Consider $f(x) = \ln(x), \sqrt{x}, |x|$ and $\lfloor x \rfloor$.

Based on these, I have the following conjecture. Please prove/disprove.

The maximal domain of $f$ and its derivative differ only by a set of Lebesgue measure zero

if

the maximal domain of $f'(x)$ has positive Lebesgue measure.

Now, the Weierstass function's maximal domain is $\mathbb R$, and its derivative's maximal domain is $\emptyset$, which is zero, so it's okay that the difference, which is $\mathbb R$, does not have Lebesgue measure zero.

To disprove I think of $f(x)$ which has maximal domain $\mathbb R$ and whose derivative is $f'(x)$ has maximal domain $[0,1]$. Could we construct some kind of piecewise weierstrass where $f$ is weierstrass outside $[0,1]$ and then some smooth function like $x^2$ inside $[0,1]$?

Answer 1

Let $$\phi(t)=\begin{cases}t^{2}&t>0\\0&t\le 0\end{cases} $$ Note that $\phi'$ exists and is still continuous.

Given two differentiable functions $f$ and $g$, we can consider $$ h(x)=\frac{\phi(x-1)f(x)+\phi(1-x)g(x)}{\phi(x-1)+\phi(1-x)}$$ Note that the denominator is always positive. Then $h(x)=f(x)$ and $h'(x)=f'(x)$ for $x>1$, whereas $h(x)=g(x)$ and $h'(x)=g'(x)$ for $x<-1$.

Answer 2

This is false, even if $f$ is continuous. (Your construction is "backwards".)

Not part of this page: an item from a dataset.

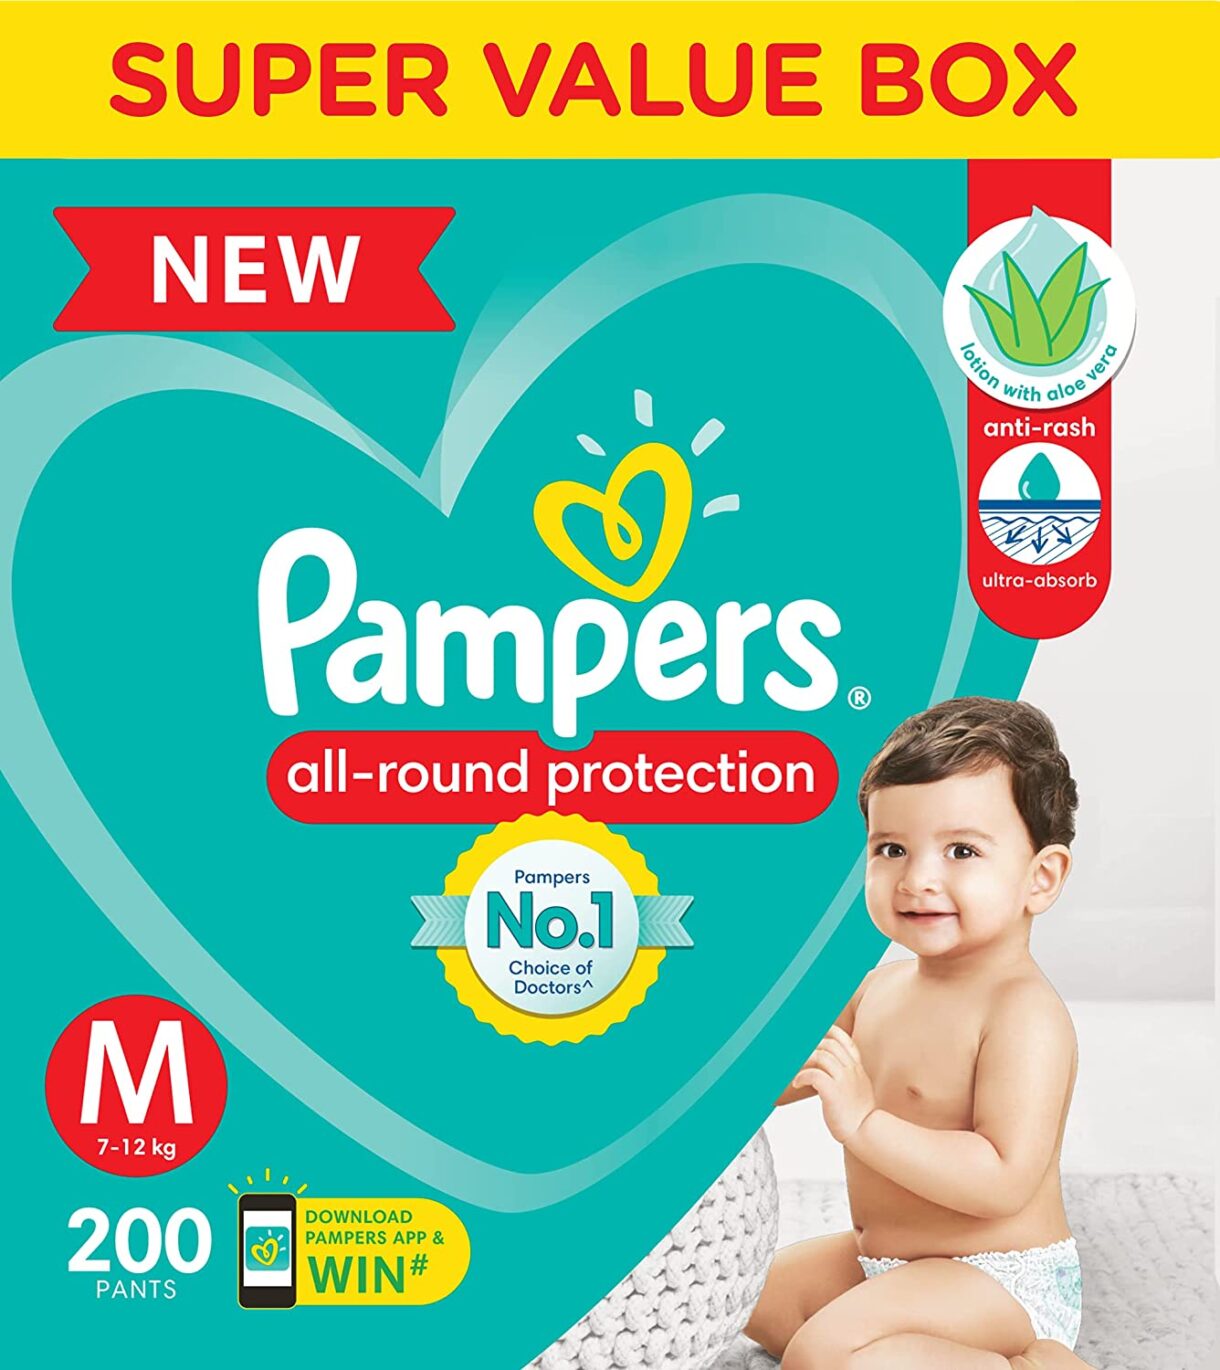 Pampers All round Protection Pants, Medium size baby diapers (MD) 200 Count, Lotion with Aloe Vera 200

Let $W$ be a nowhere differentiable continuous function (with domain containing $[0,1]$), and set $$ f(x) = \begin{cases} W(0) ,& x \leq 0, \\ W(x) ,& 0 \leq x \leq 1, \\ W(1),& 1 \leq x \end{cases} \text{.} $$

Then the maximal domain of $f'$ is $(-\infty, 1] \cup [1,\infty)$, which has positive Lebesgue measure. However, the maximal domain of $f$ is $\mathbb{R}$ which differs from the previous set by $(0,1)$ having Lebesgue measure $1$.